这篇博客介绍了如何利用scikit-learn库进行线性回归学习,结合NBA体育数据,展示了数据科学在体育领域的应用。通过实例详细解析了从数据获取到模型建立的全过程。

摘要生成于 C知道 ,由 DeepSeek-R1 满血版支持, 前往体验 >

scikit 线性回归

Data science enables many pretty amazing tasks for its practitioners, and changed our lives in many ways from small to big. When a business predicts demand for a product, when a company identifies fraudulent transactions online or when a streaming service recommends what to watch, data science is often the oil that enables these innovations.

数据科学为其从业人员实现了许多惊人的任务,并从小到大从许多方面改变了我们的生活。 当企业预测对产品的需求时,当公司在线识别欺诈性交易时,或者当流媒体服务推荐观看内容时,数据科学通常是推动这些创新的动力。

These types of data science innovations are based on regression analysis, which is to say that they are about understanding relationships between input variables and output variables.

这些类型的数据科学创新基于回归分析,也就是说,它们是关于理解输入变量和输出变量之间的关系的。

Along with classification analysis, regression is one of two fundamental types of data problems, and learning how it works and how to perform them form significant part of data analysis and data science.

与分类分析一起,回归是数据问题的两种基本类型之一,而学习它如何工作以及如何执行它们构成了数据分析和数据科学的重要组成部分。

So, I would like to show in this article how regression analysis can be used to identify patterns in the data and for predictive purposes. To start with, let’s start here with simple, linear regression techniques and see what they can teach us.

因此,我想在本文中展示如何将回归分析用于识别数据中的模式并用于预测目的。 首先,让我们从简单的线性回归技术开始,看看它们可以教给我们什么。

We will build a simple model to predict a descriptive statistic for NBA players called Box-Plus-Minus (BPM).

我们将建立一个简单的模型来预测NBA球员的描述性统计数据,即Box-Plus-Minus(BPM)

Image for post
Basketball-Reference.com Basketball-Reference.com

BPM is designed to measure a player’s contribution, and it is based on the player’s statistics, position, and the team’s performance.

BPM旨在衡量球员的贡献,它基于球员的统计数据,位置和球队的表现。

In this, we will build this model based on each players’ individual statistics only.
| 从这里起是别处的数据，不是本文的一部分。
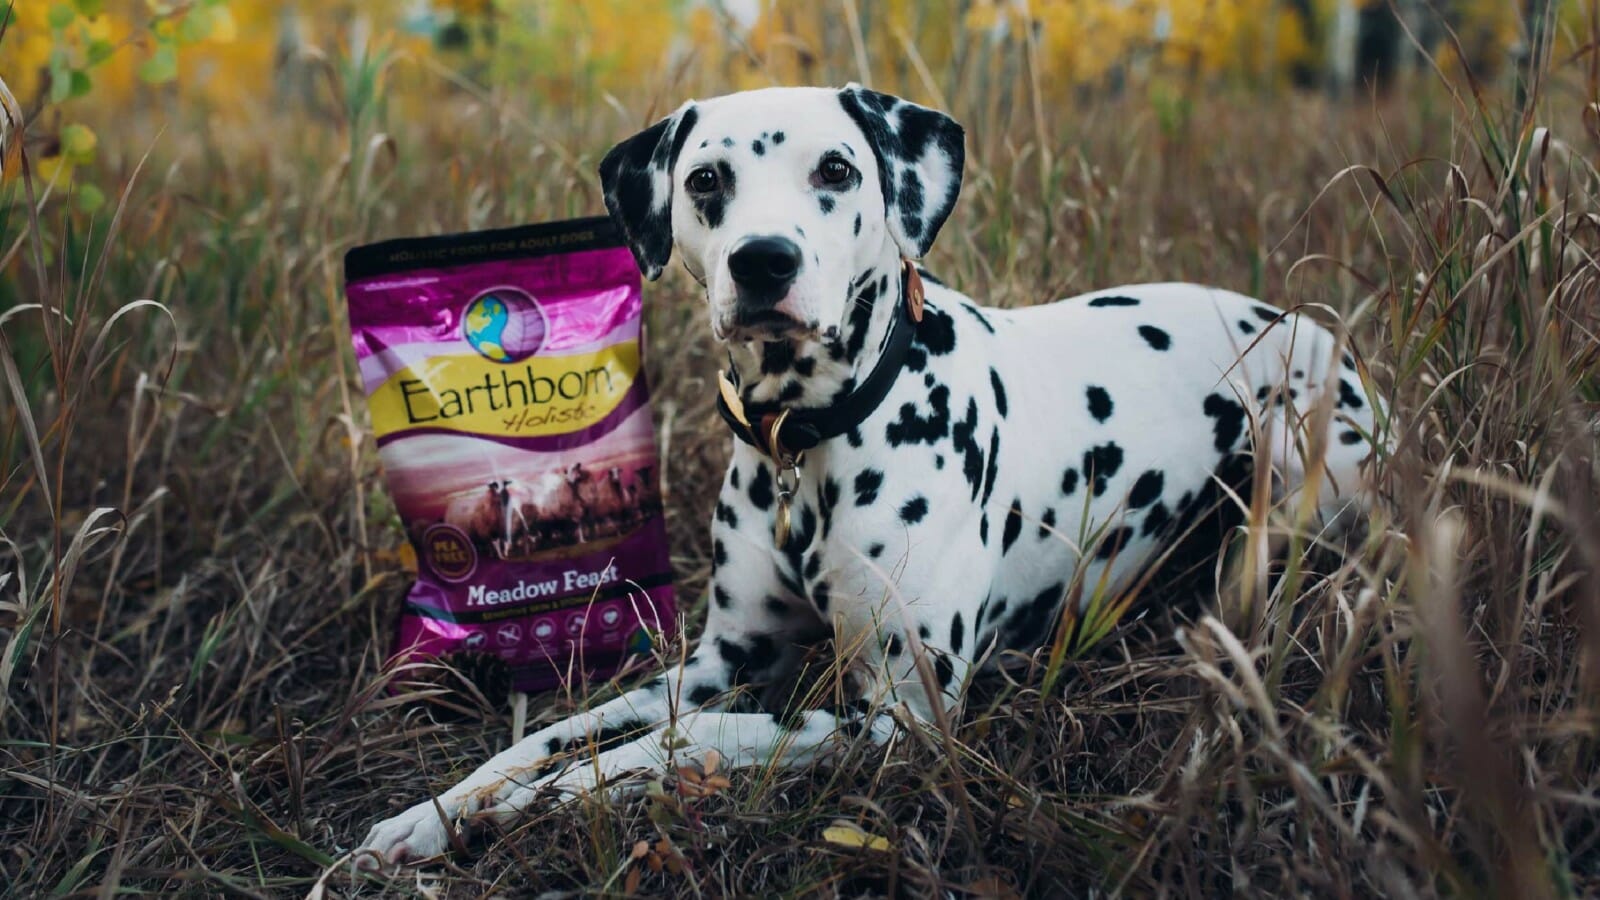 A dog lays next to a bag of Earthborn Holistic Meadow Feast

So the model will have to not only estimate how the BPM is correlated to the individual statistics, but also how the individual statistics relate to collective team performance which is not included here.

在此,我们将基于每个玩家的个人统计数据来构建此模型 因此,该模型不仅必须估计BPM如何与个人统计数据相关,而且还必须估算个人统计数据与集体团队绩效的相关性(此处未包括)。

Lastly, after we have built a model we will look at which data points form outliers / high-error points, and discuss what that might mean in the context of this model.

最后,在建立模型后,我们将研究哪些数据点构成异常值/高误差点,并讨论在此模型的背景下可能意味着什么。

制备 (Preparation)

To follow along, install a few packages — numpy, pandas, sklearn (scikit-learn), and also plotly and streamlit. Install each (in your virtual environment) with a simple pip install [PACKAGE_NAME].

沿着沿,安装了几包- numpypandassklearn (scikit学习),也plotlystreamlit 。 通过简单的pip install [PACKAGE_NAME]安装每个组件(在您的虚拟环境中)。

The code for this article is on my GitHub repo here (as data_predict_bpm.py), so you can download/copy/fork away to your heart’s content.

本文的代码位于我的GitHub存储库中(如data_predict_bpm.py ),因此您可以下载/复制/分叉到您的内心。

Oh, this a part of a set of data science / data analysis articles that I am writing about using NBA data. It’ll all go to that repo, so keep your eyes peeled! (Here’s an earlier article I did about visualising datasets for data exploration)

哦,这是我正在撰写的有关使用NBA数据的一组数据科学/数据分析文章的一部分。 一切都会去那个仓库,所以要睁大眼睛! (这是之前撰写的有关可视化数据集以进行数据探索的文章)

If you are following along, import the key libraries with:

如果您遵循以下步骤,请使用以下命令导入密钥库:

import numpy as np
import pandas as pd
import sklearn
import plotly.express as px
import streamlit as st

And we are ready to go.

我们已经准备好出发了。

建立玩家模型-从汤到坚果 (Building player models — from soup to nuts)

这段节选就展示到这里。